▶ **Data section**:
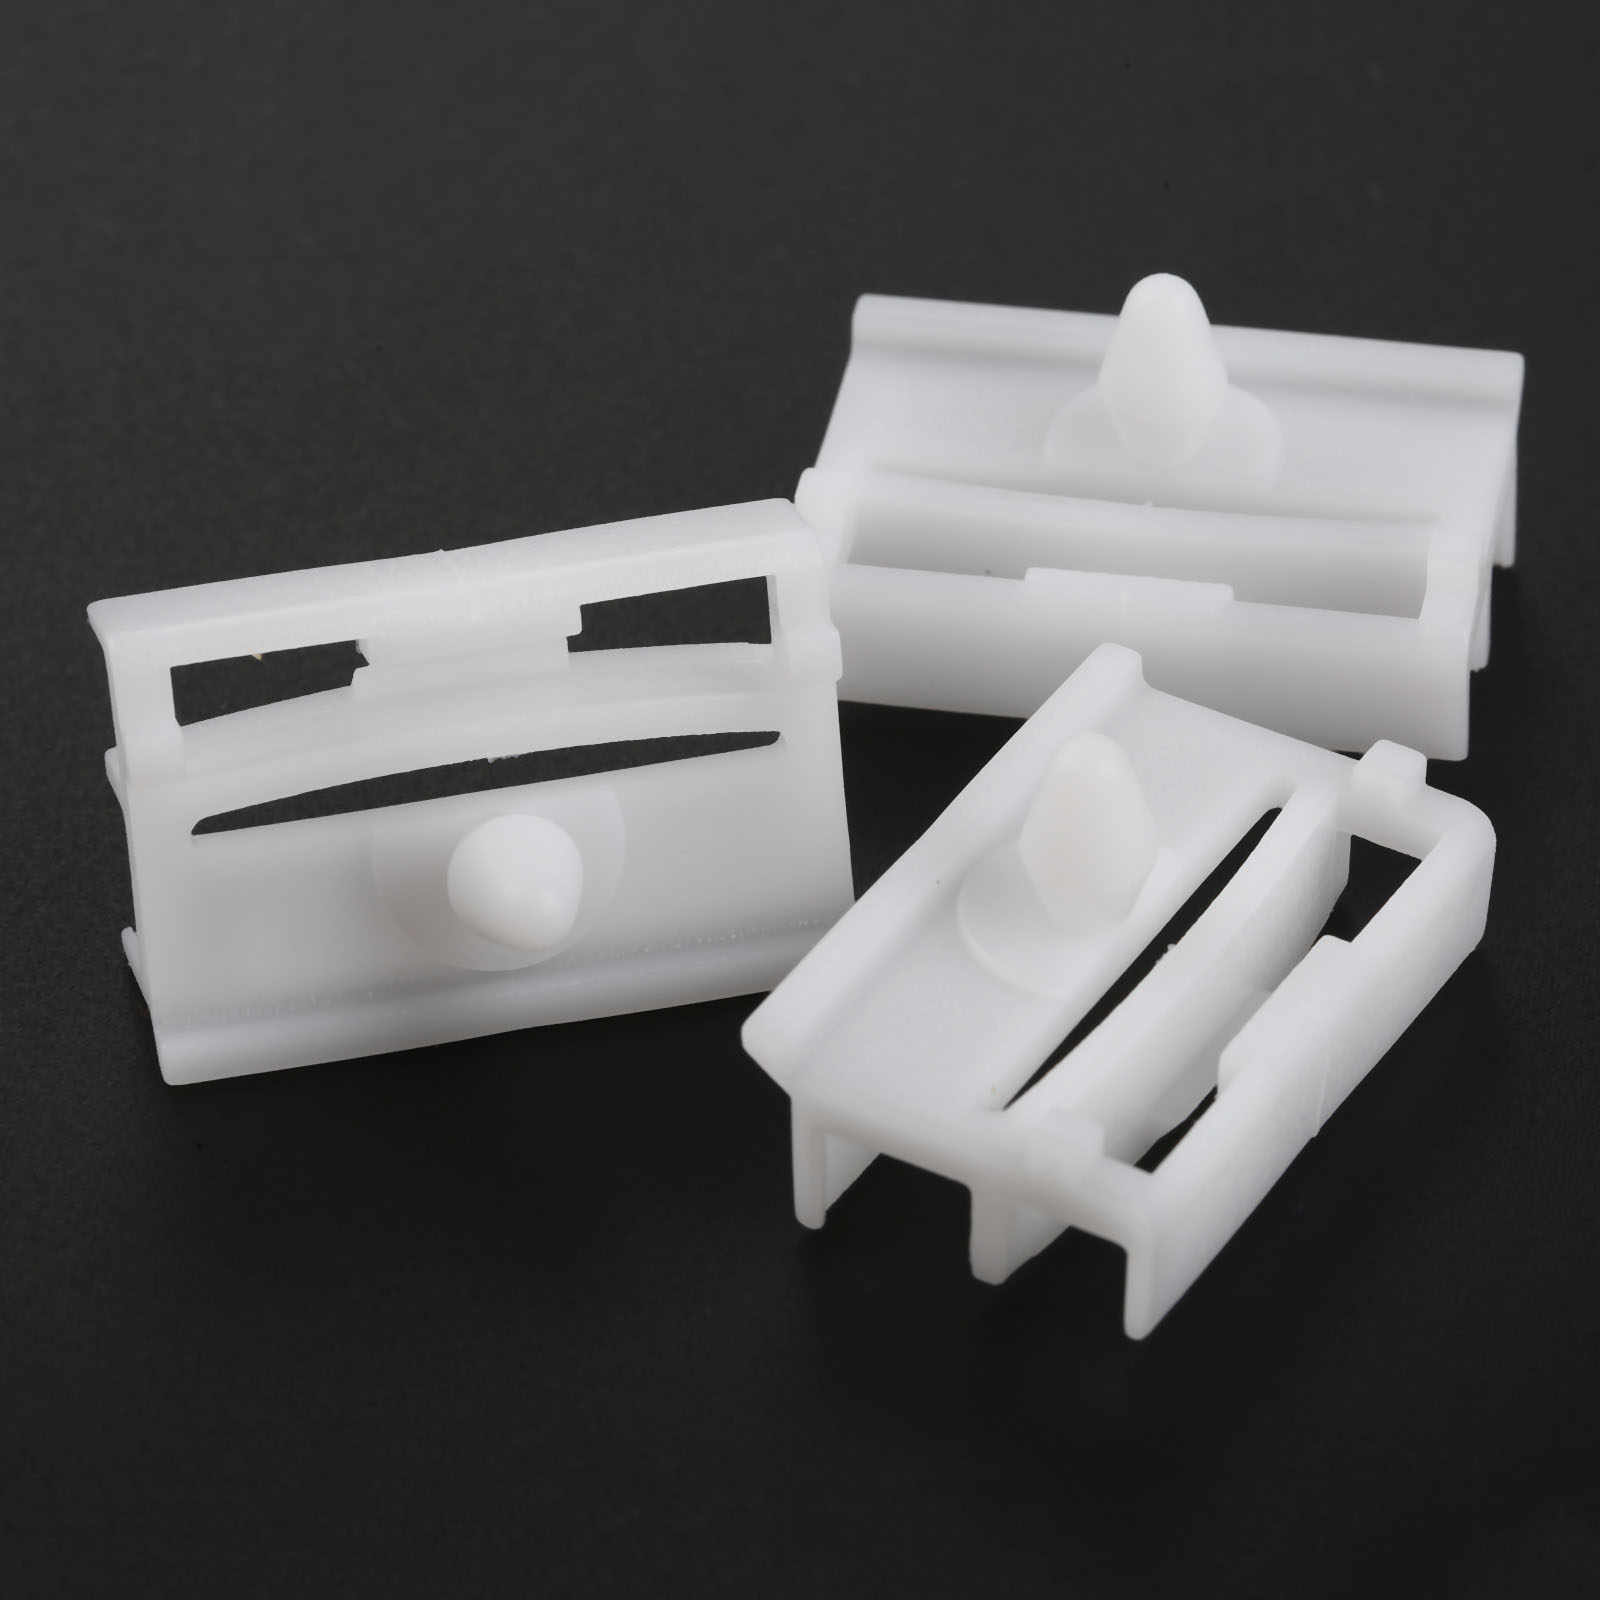 10Pcs Sill Samping Rok Moulding Klip Door Trim Panel Pengikat Klip 51718184574 untuk BMW E36 E46 Mobil Plastik Paku Keling mobil
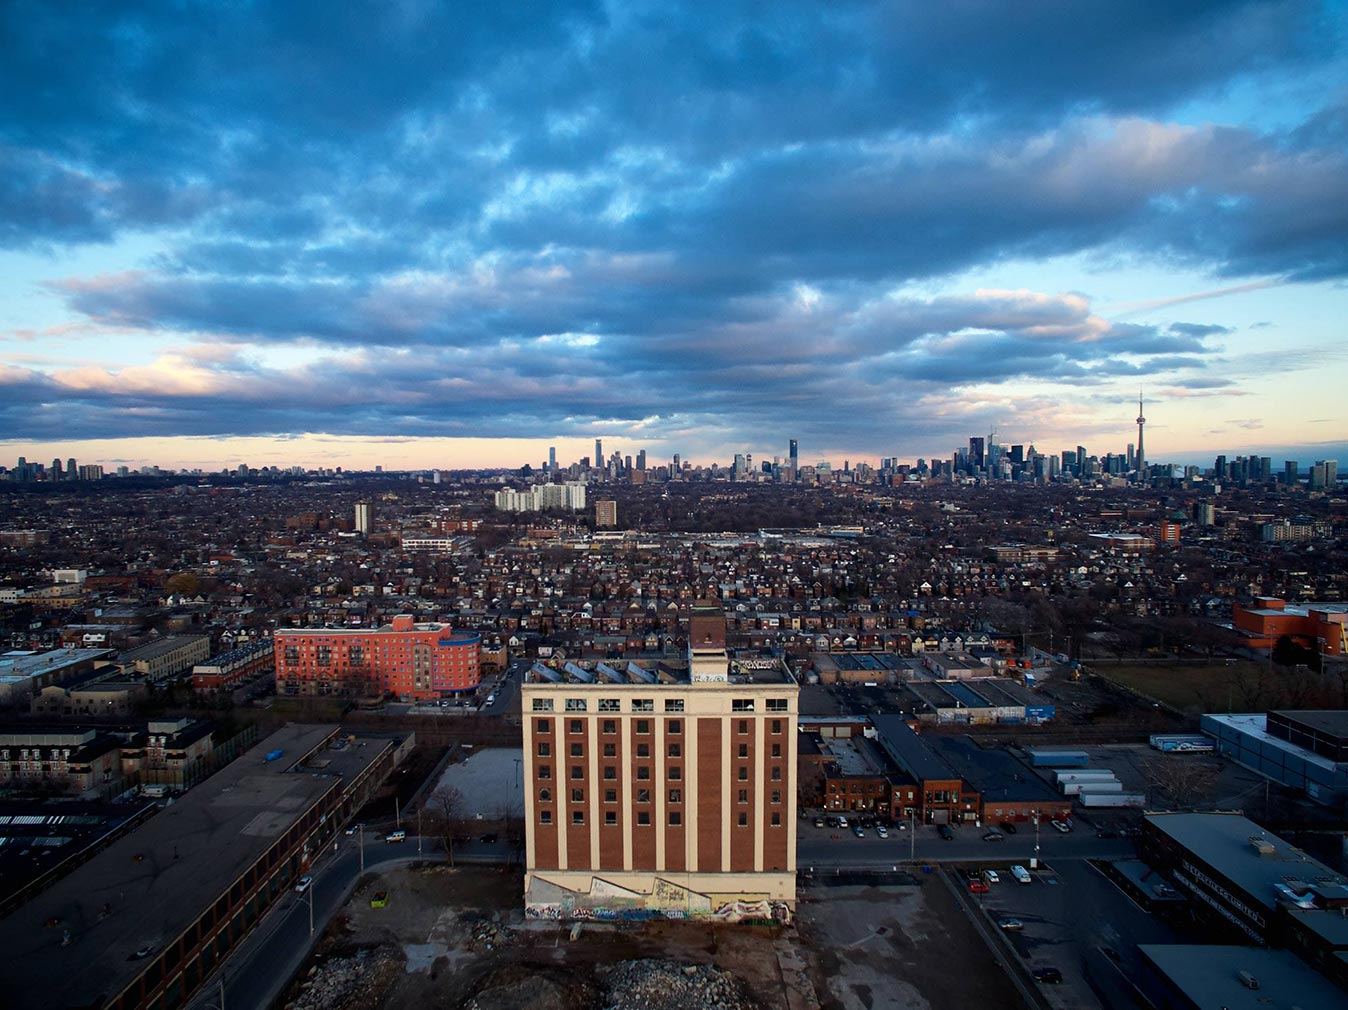 New Museum of Contemporary Art Toronto
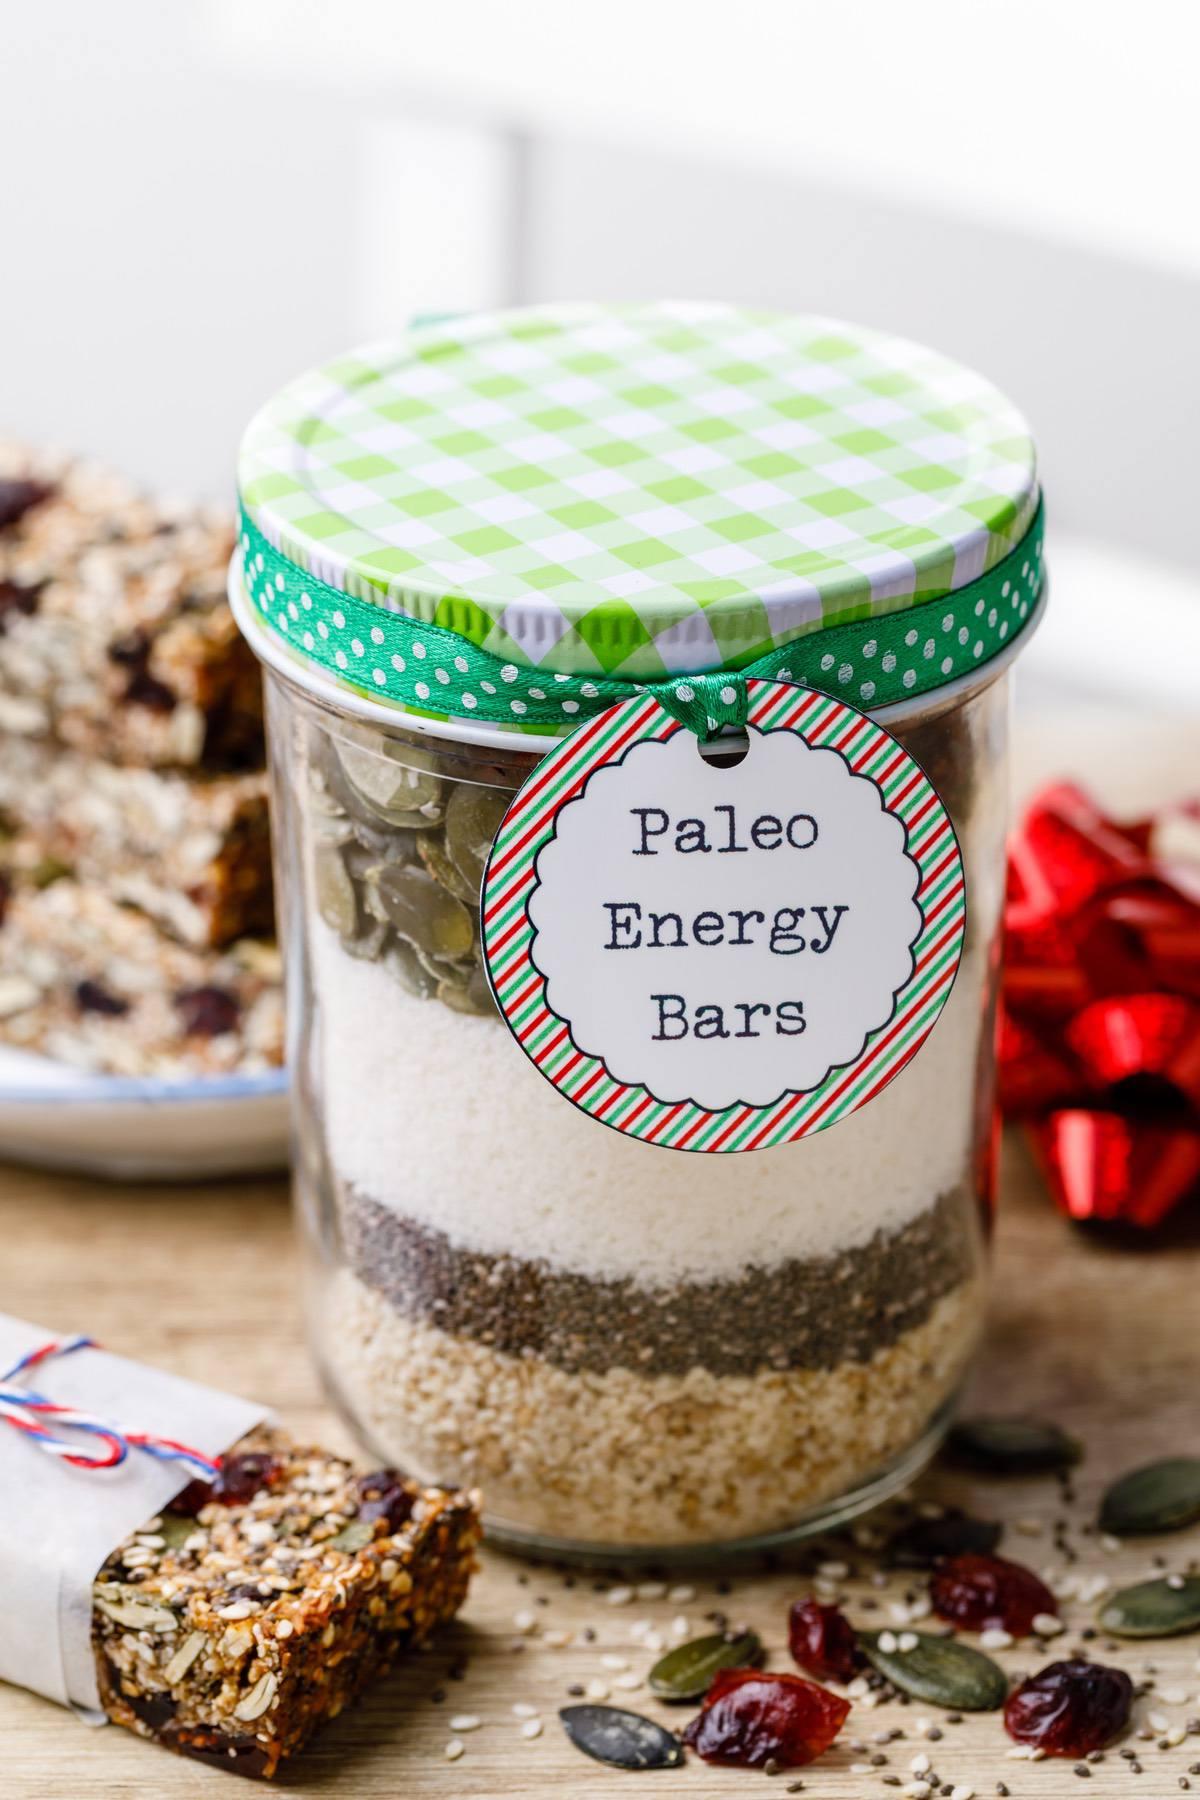 Paleo Energy Bars
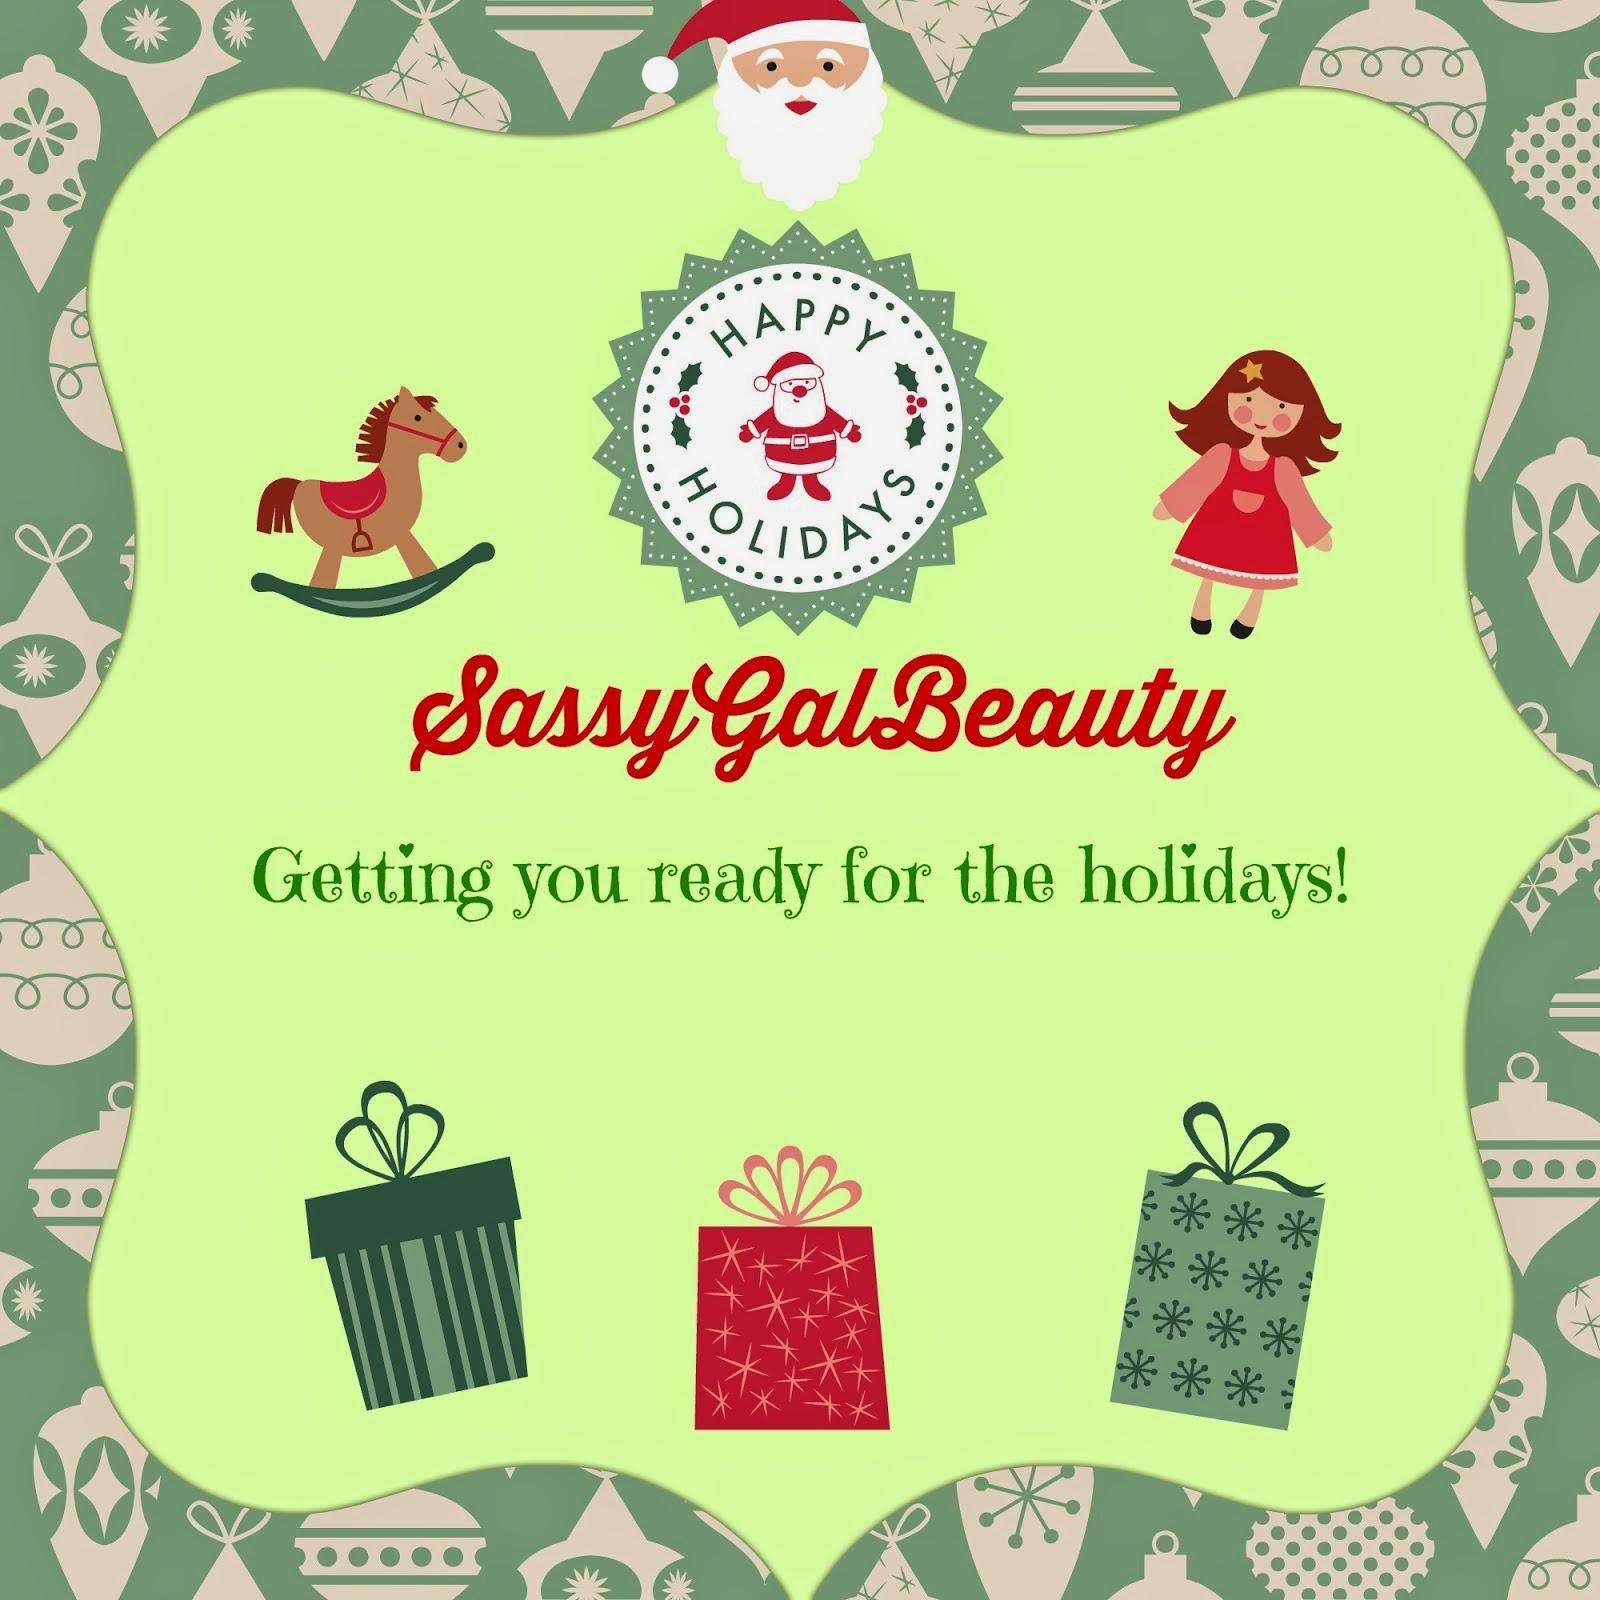 SassyHolidays Gift Guide

▶ **Exercise instructions**: Every line of the data above should be quoted exactly. Omit the pictures.

▶ **Answer to this exercise**:
 10Pcs Sill Samping Rok Moulding Klip Door Trim Panel Pengikat Klip 51718184574 untuk BMW E36 E46 Mobil Plastik Paku Keling mobil
 New Museum of Contemporary Art Toronto
 Paleo Energy Bars
 SassyHolidays Gift Guide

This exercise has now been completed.